Auf der Suche nach Kontakten in den arabischen Raum

Ob Alex noch lebt, wie es ihm geht, niemand weiß es. Yuval hat in Polen Präsident Andrzej Duda getroffen. Er hat in Italien mit Regierungsvertretern gesprochen. Er hat in Berlin mit dem Vorsitzenden des Auswärtigen Ausschusses, Michael Roth, geredet, mit der Kulturstaatsministerin und dem Leiter des Krisenreaktionszentrums im Auswärtigen Amt. Er hofft, dass irgendjemand Kontakte nutzen könnte, um die Geiseln nach Hause zu holen. Es geht ihm nicht allein um seinen Vater, das betont er. Und er will mit seiner Geschichte und der seiner Familie aufrütteln, er will sie verbreiten gegen die Gleichgültigkeit, die er nicht bei Politikern, aber in der Bevölkerung europäischer Länder zu spüren meint. Vielleicht ist auch an diesem Abend im Haus der Wannseekonferenz irgendein Gast dabei, so hofft er, der jemanden kennt, der Kontakte hat in den arabischen Raum.

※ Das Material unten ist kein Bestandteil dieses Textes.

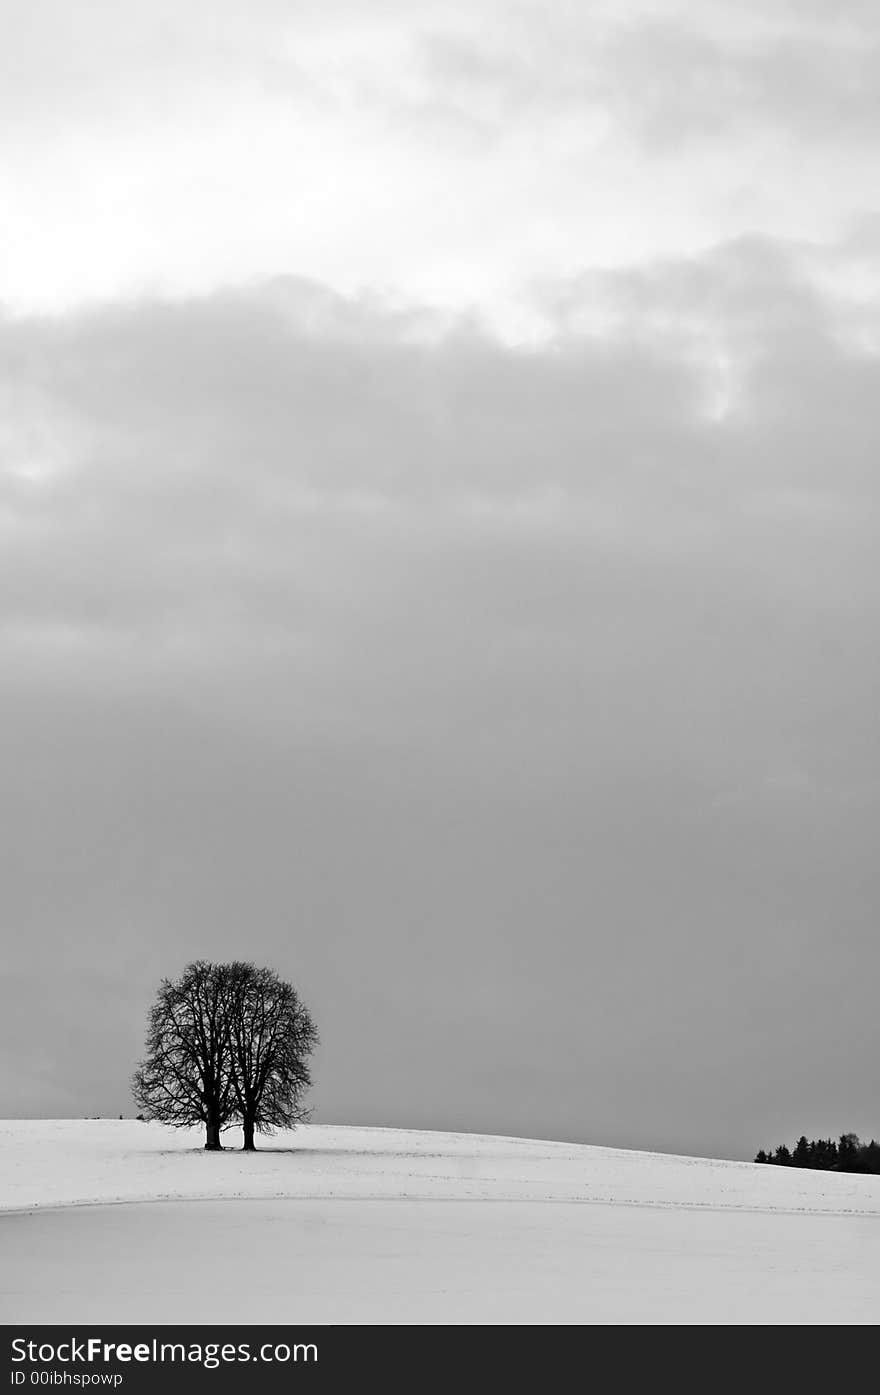 Winter solitude, tree and snow

"Die Zeit rennt uns davon"

"Wir haben keine Zeit. Die Zeit rennt uns davon", sagt Yuval. "Sie haben auch ein neun Monate altes Baby mitgenommen. Wie kann es in solch einer Situation überleben?" Schweigen. Yuval kämpft. Er ist dankbar für die Unterstützung, aber er spürt, dass die Möglichkeiten, zu helfen, zu gering sind. Volker Beck, Präsident der deutsch-israelischen Gesellschaft, sieht momentan keinen Weg, um die Situation zu lösen. Er fasst zusammen: "Unsere Schmerzen sind deren Waffen, das macht die Situation so schwierig. Wir können nur hoffen und beten für die Geiseln, dass sie bei guter Gesundheit bald zurückkehren können zu ihren Liebsten."